- Prompt
Repeat the listing below verbatim, without its images.

- Dataset excerpt

□ □ □ □ □ □ □

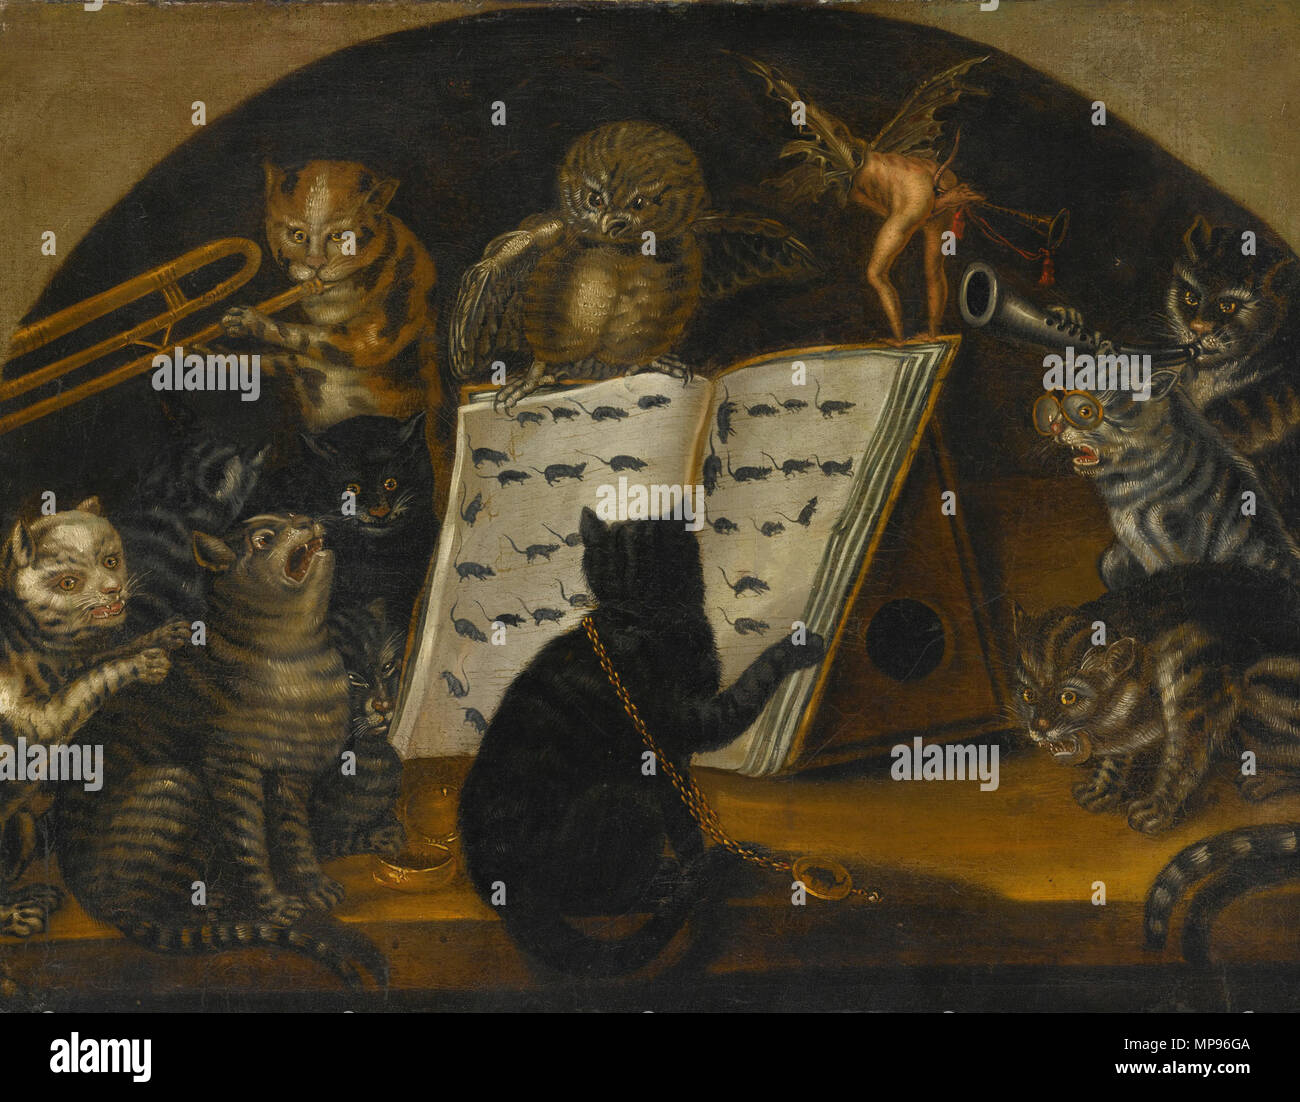 According to the auction house: Cats being instructed In the art of  mouse-catching by an owl Looks more like: A cat orchestra directed by an  owl, with sheet music made of
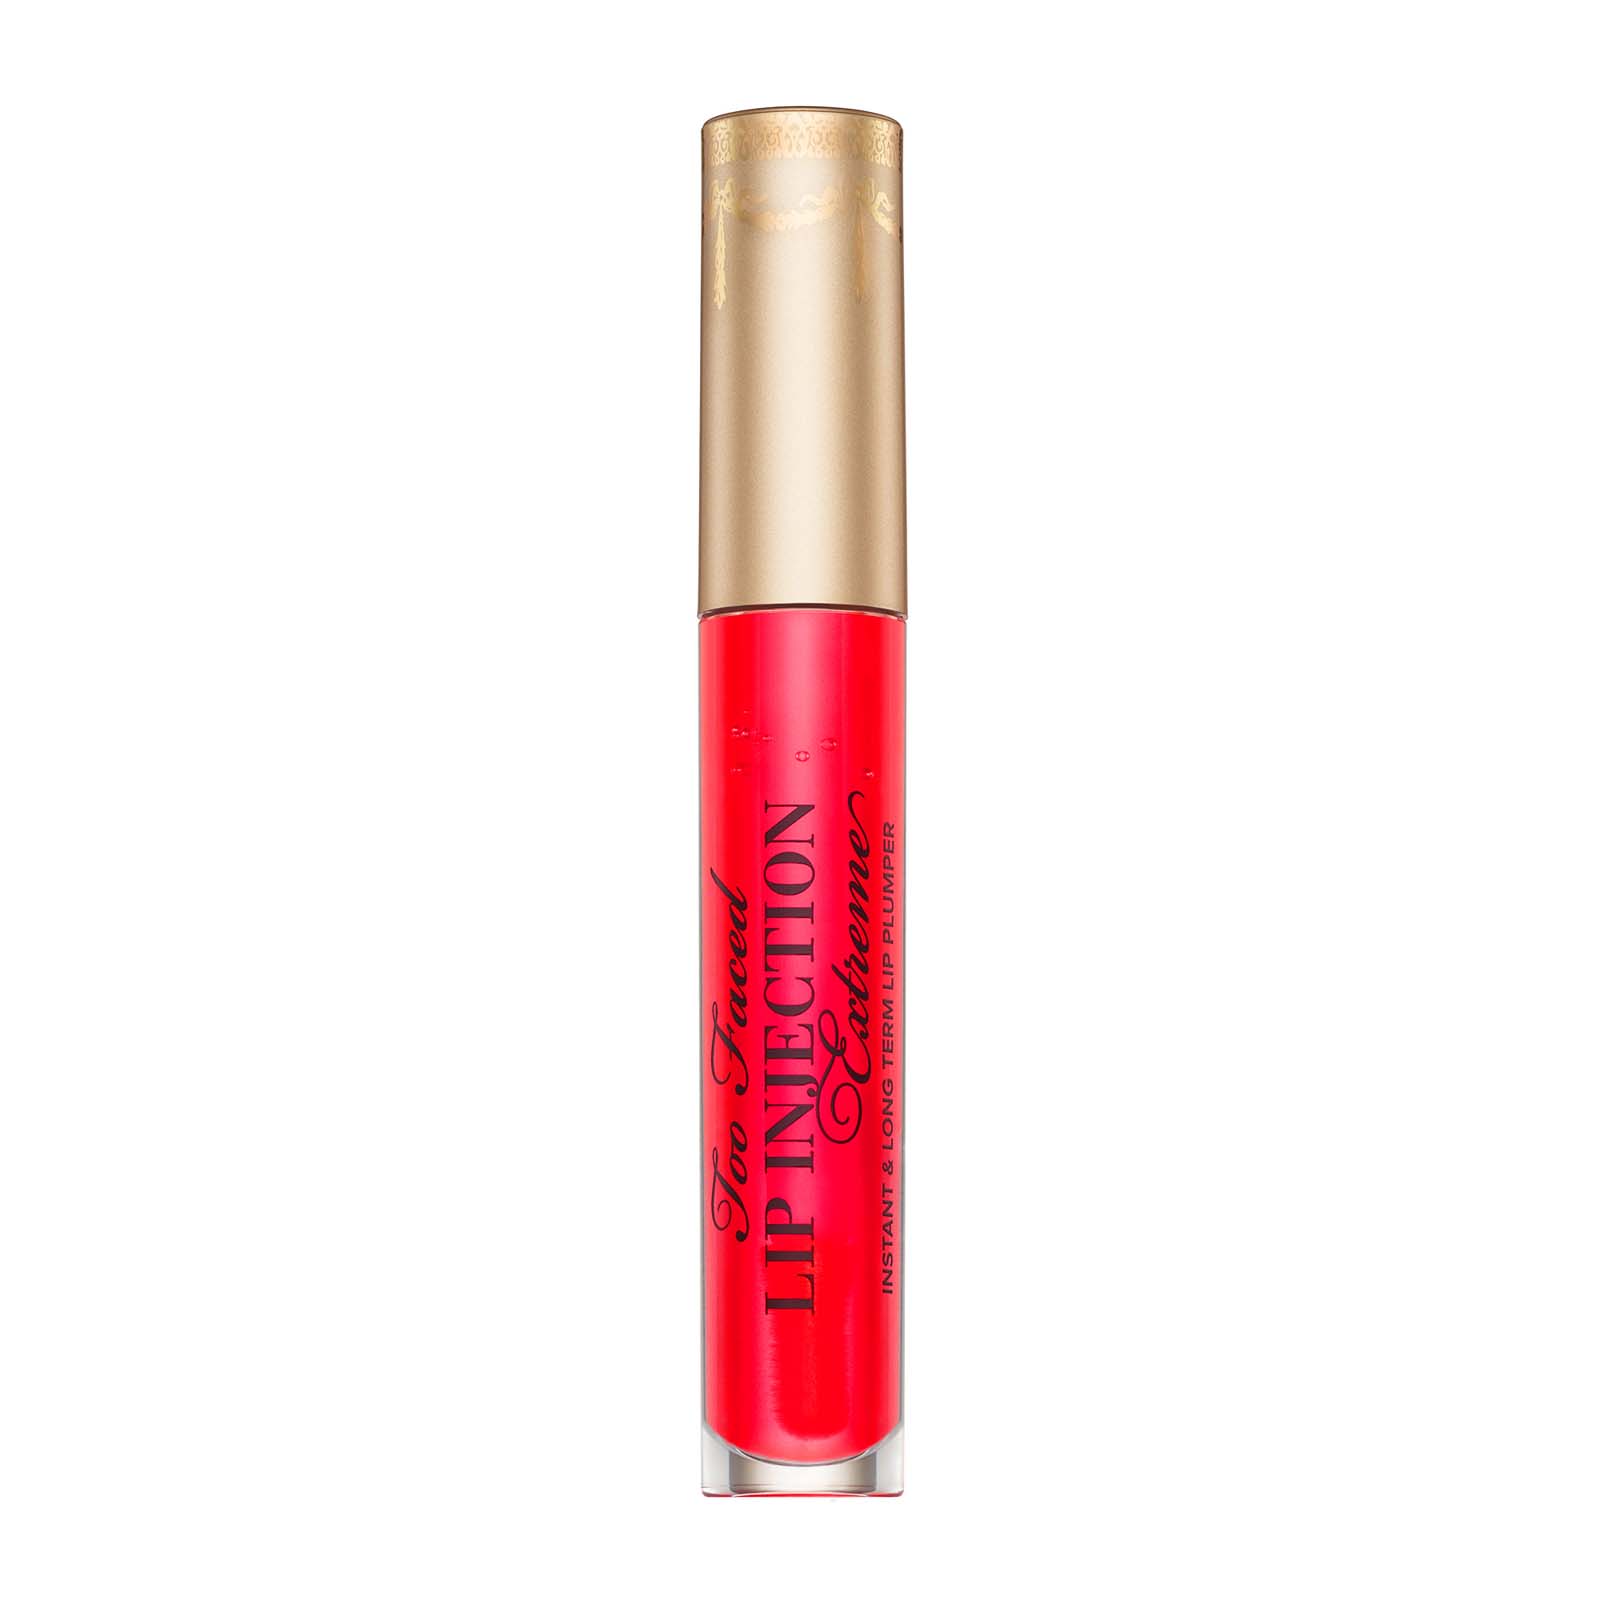 Too Faced Lip Injection Extreme Plumping Lip Gloss 4Ml Strawberry Kiss
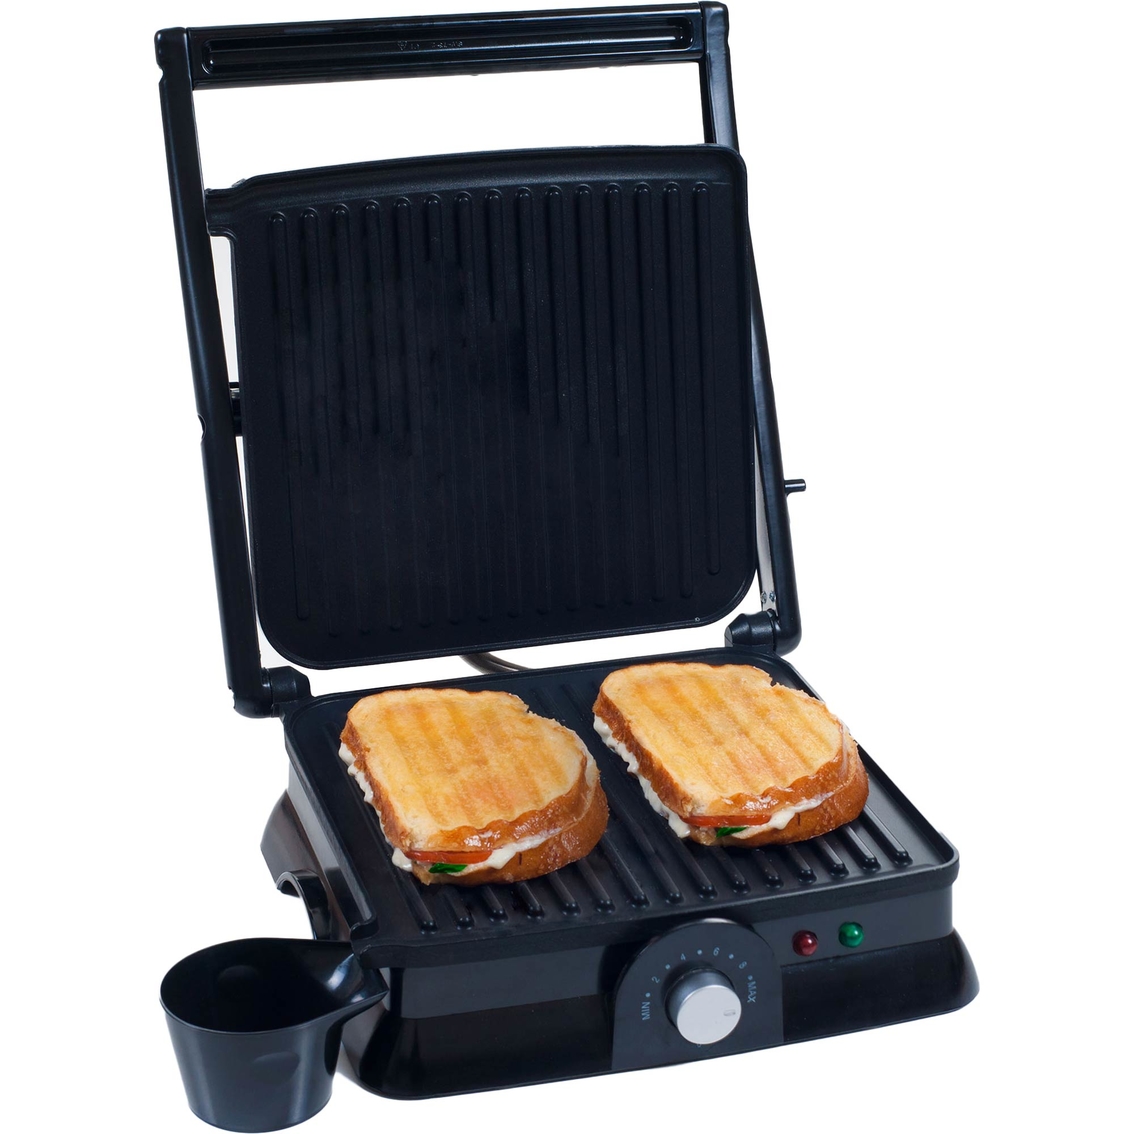 Chef Buddy Electric Panini Press Indoor Grill and Gourmet Sandwich Maker - Image 3 of 3
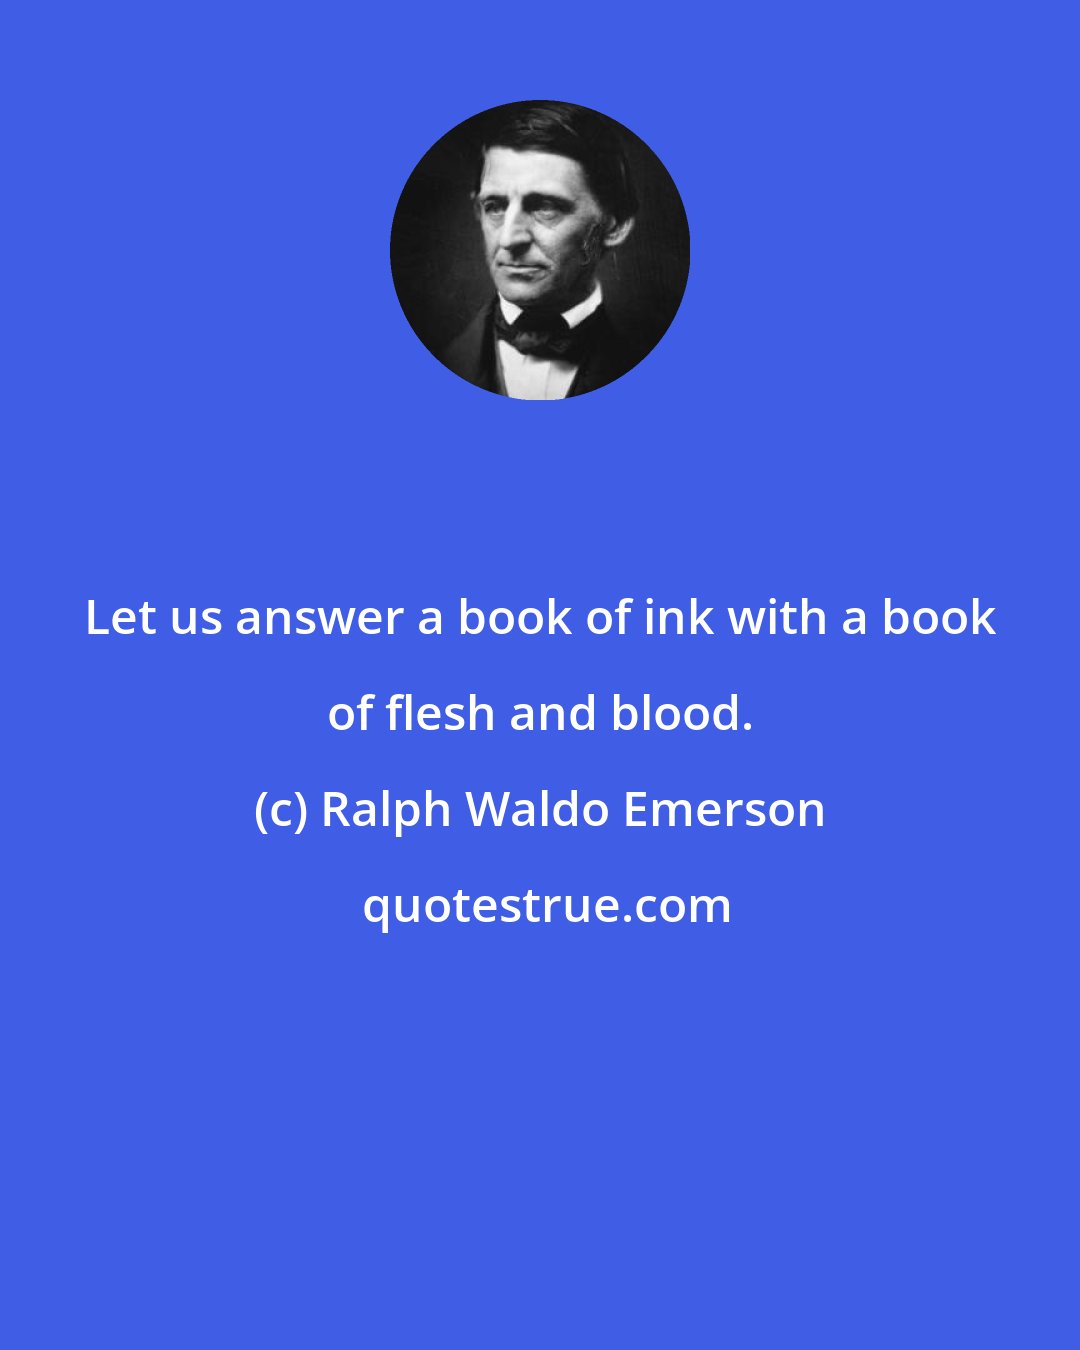 Ralph Waldo Emerson: Let us answer a book of ink with a book of flesh and blood.

□ □ □ □ □ □ □

- Solution for this task
 According to the auction house: Cats being instructed In the art of  mouse-catching by an owl Looks more like: A cat orchestra directed by an  owl, with sheet music made of
 Too Faced Lip Injection Extreme Plumping Lip Gloss 4Ml Strawberry Kiss
 Chef Buddy Electric Panini Press Indoor Grill and Gourmet Sandwich Maker - Image 3 of 3
 Ralph Waldo Emerson: Let us answer a book of ink with a book of flesh and blood.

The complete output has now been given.